Aujourd’hui, l’une des raisons du refus de la réforme par les fonctionnaires ivoiriens réside dans le fait qu’ils se sentent spoliés par cette réforme. Le régime par répartition peut être source d’iniquité, puisqu’il repose sur le principe que les actifs d’aujourd’hui financent les vieux d’aujourd’hui. Mais il n’y a pas de garantie que ces jeunes actifs, qui seront les vieux de demain, bénéficient à leur tour de leurs pensions. En effet, lorsque le système fera face à de nouvelles difficultés, ce qui est inéluctable si on poursuit avec le système actuel, la pension sera réduite ou non payée même si les bénéficiaires ont cotisé plus auparavant. Ce système de retraite par répartition empêche la liberté de chacun de préparer sa retraite comme il l’entend (années d’activité, cotisations), et transmettre totalement ses économies à qui bon lui semble en cas de décès. Par exemple, selon la réforme de 2012, le conjoint du fonctionnaire décédé ne peut jouir de la pension que lorsqu’il aura atteint l’âge auquel le fonctionnaire décédé aurait pu jouir de la pension s’il était en vie.
Face aux difficultés du système par répartition et à la contestation de la réforme, il est important de changer de paradigme en adoptant la capitalisation. Le régime par capitalisation a beaucoup d’avantages. D’abord, la capitalisation est peu sensible aux déséquilibres dus à la dégradation de la structure démographique. Ensuite, le régime par capitalisation est plus équitable. L’équité requiert en effet que les pensions soient proportionnelles aux cotisations et qu’à contributions égales tous les retraités aient une pension comparable. Sur la base d’un contrat individuel, chaque assuré reçoit exactement ce à quoi il a droit. Quant à la liberté et à la responsabilité, l’âge de la retraite est une affaire de choix personnel aussi bien que le taux de cotisation. Chacun doit être responsable de la gestion de son patrimoine.

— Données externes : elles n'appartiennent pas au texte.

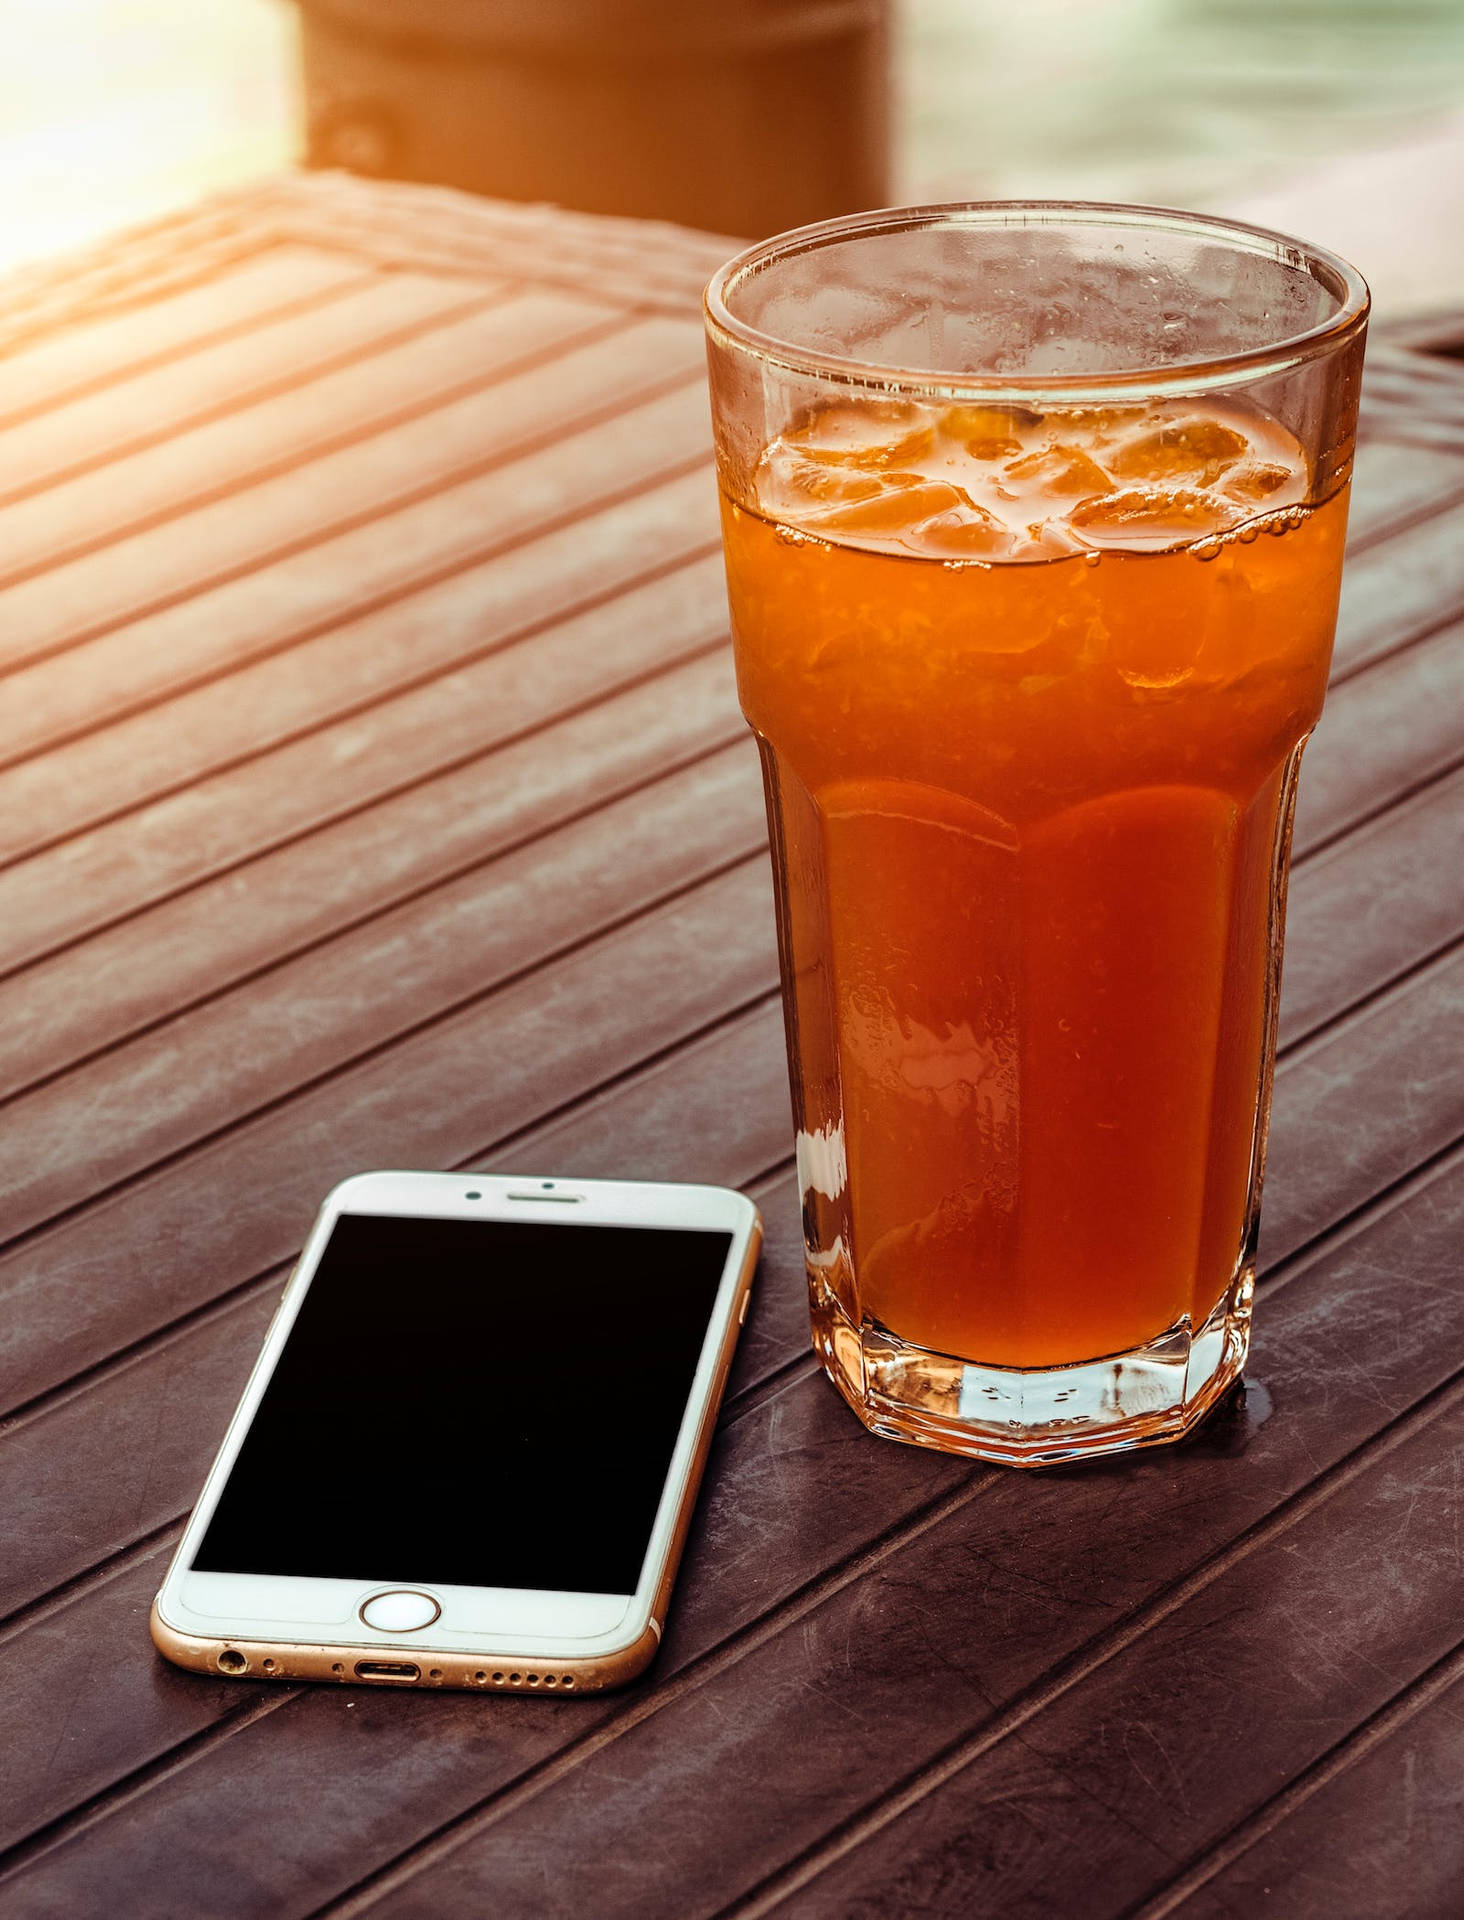 Original Iphone 6 And Orange Juice
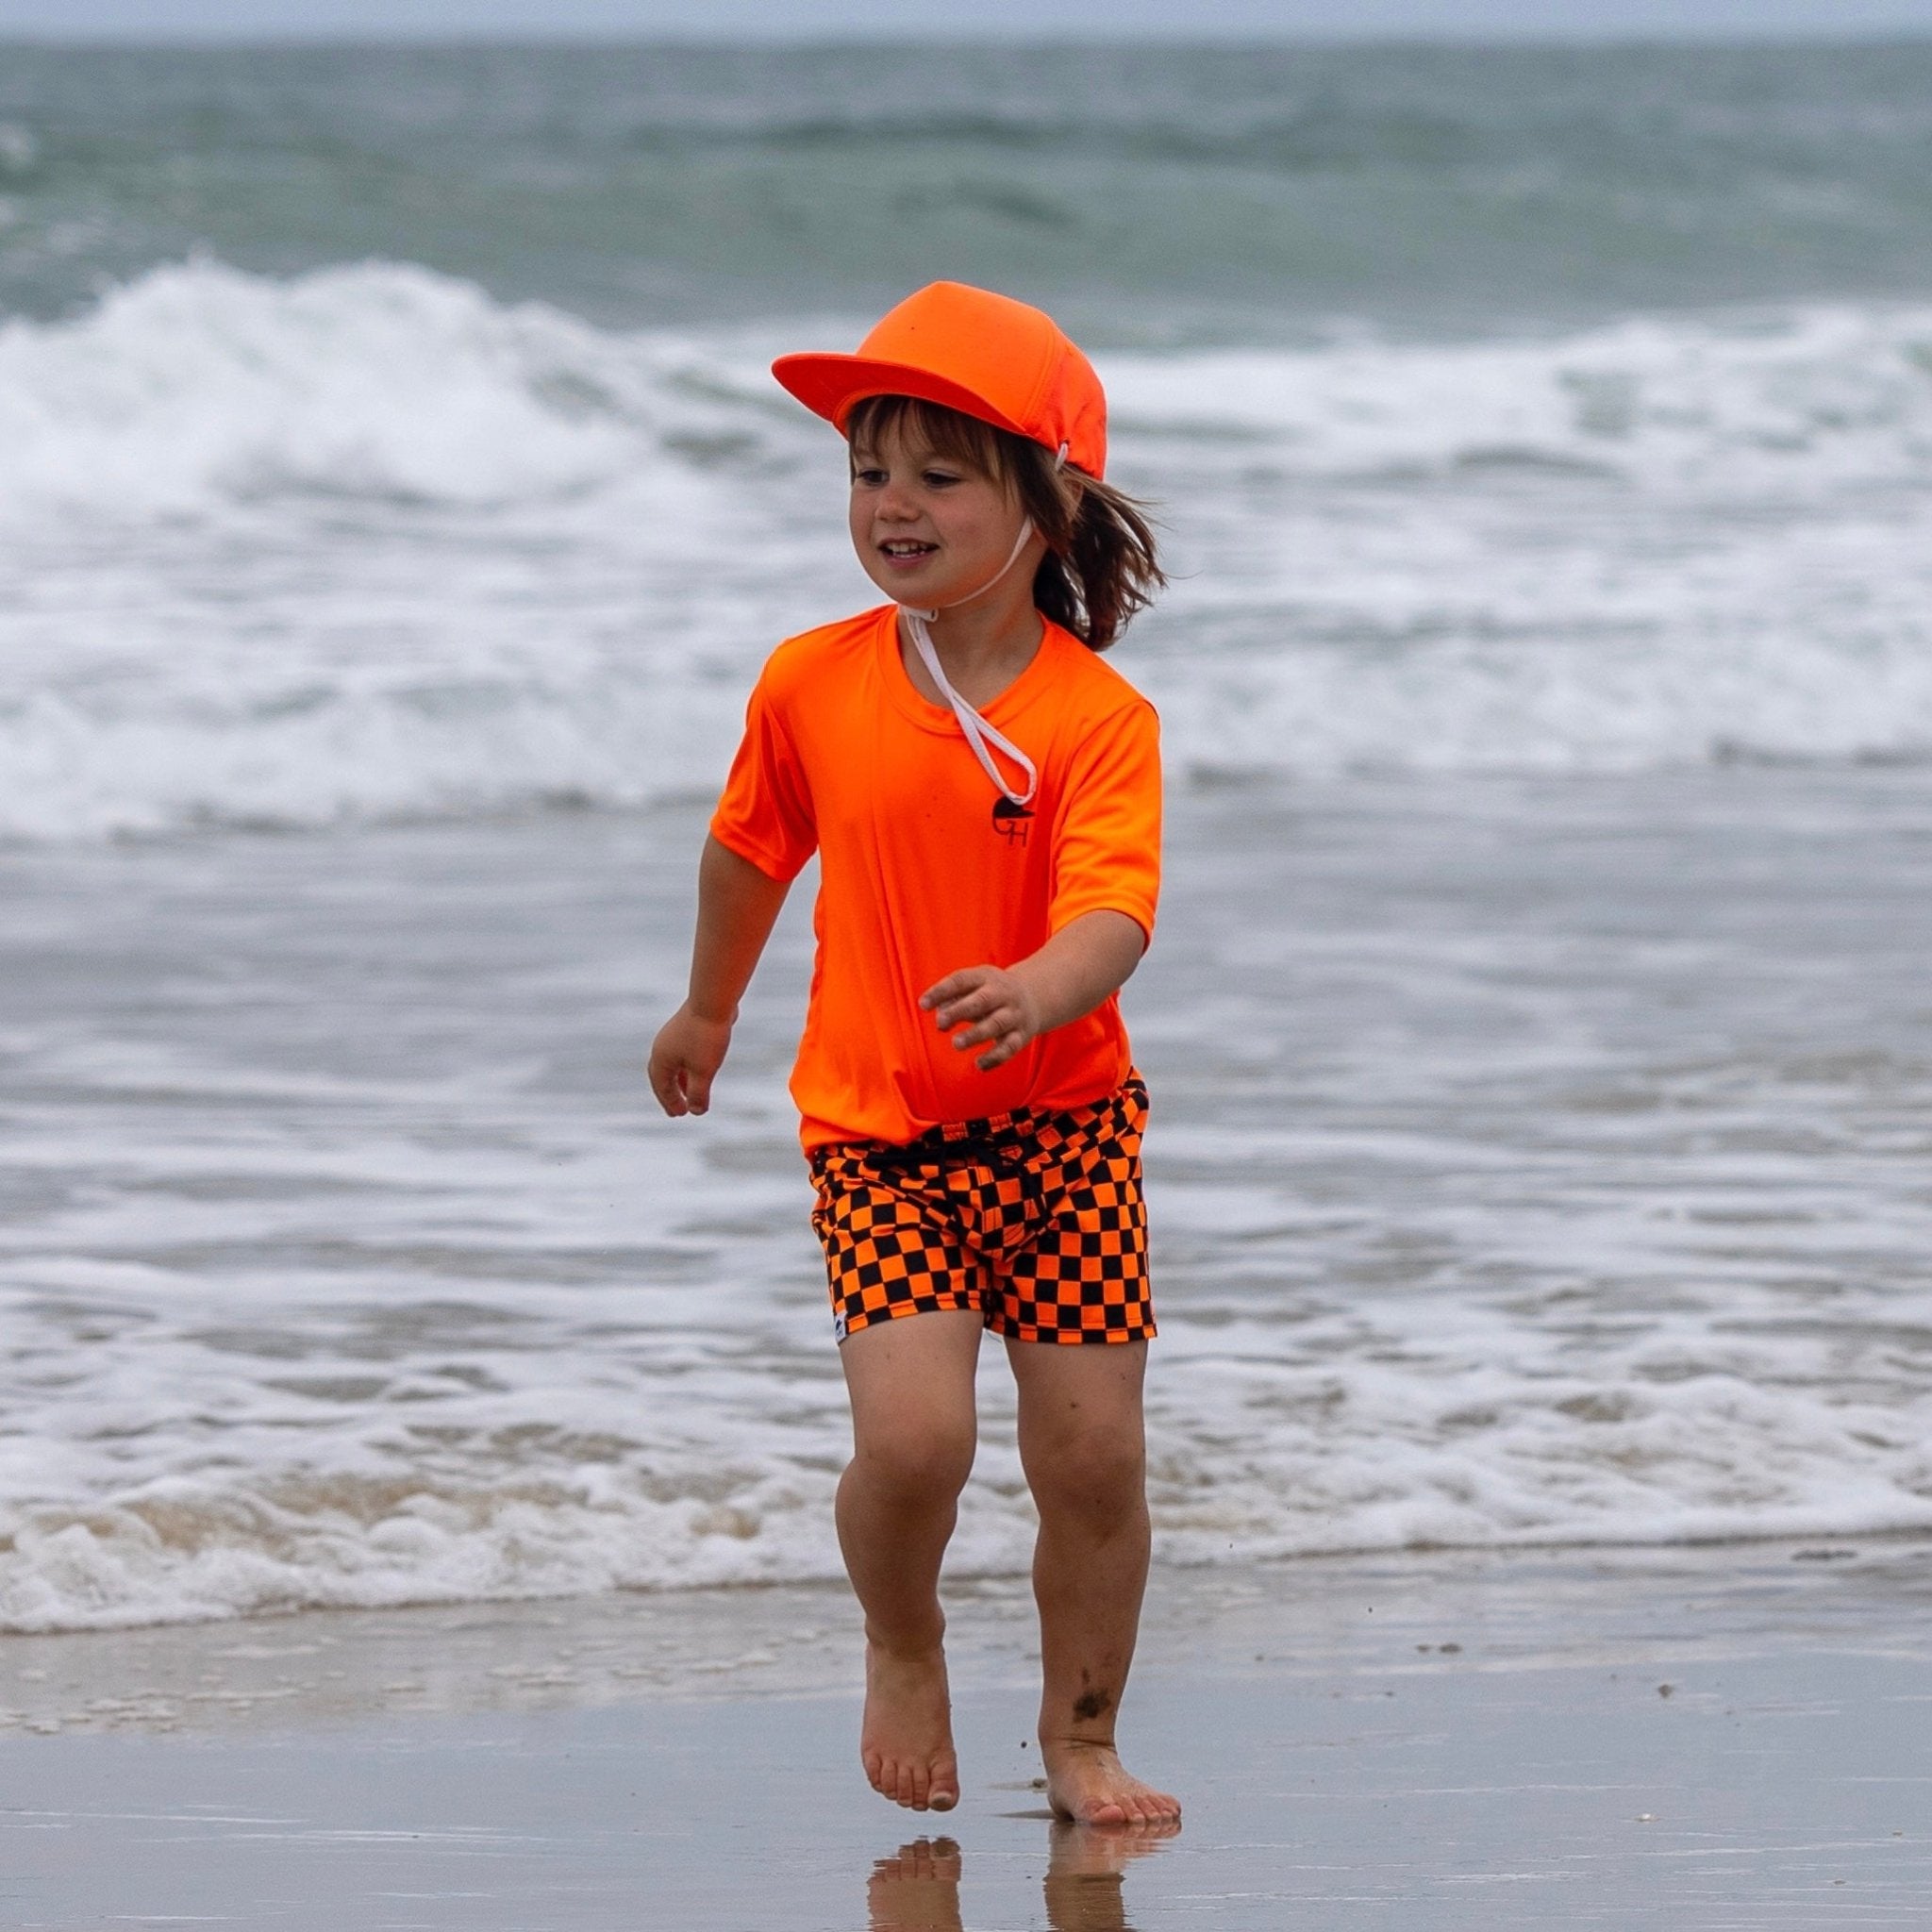 Neon Orange Surf Hat - George Hats

Du point de vue de l’efficacité du système, il faut noter qu’en cas de stabilité monétaire, lorsque les taux de capitalisation sont intéressants, les rendements nominaux sont très avantageux. Au niveau de l’efficacité macro-économique, la capitalisation permet la collecte d’une épargne suffisante pour l’investissement. Enfin, son efficacité financière réside dans sa capacité à constituer des réserves permettant d’assurer l’équilibre. Cependant, pour que le régime par capitalisation marche, il faudrait satisfaire certains préalables. Il s’agit, entre autres, d’un système bancaire et financier sain et développé et d’une stabilité monétaire. Cela permet d’avoir des produits financiers diversifiés et moins risqués et une inflation maîtrisée.
En définitive, s’il est vrai que le système de retraite ivoirien mérite d’être réformé, le gouvernement ivoirien n’a pas réalisé la réforme appropriée. Car nous ne pouvons augmenter indéfiniment l’âge de départ à la retraite, les taux de cotisations et réduire la pension au moment où le coût de la vie devient de plus en plus élevé.
KRAMO Germain, Chercheur associé au CIRES, Côte d’Ivoire.
Article publié en collaboration avec Libre Afrique.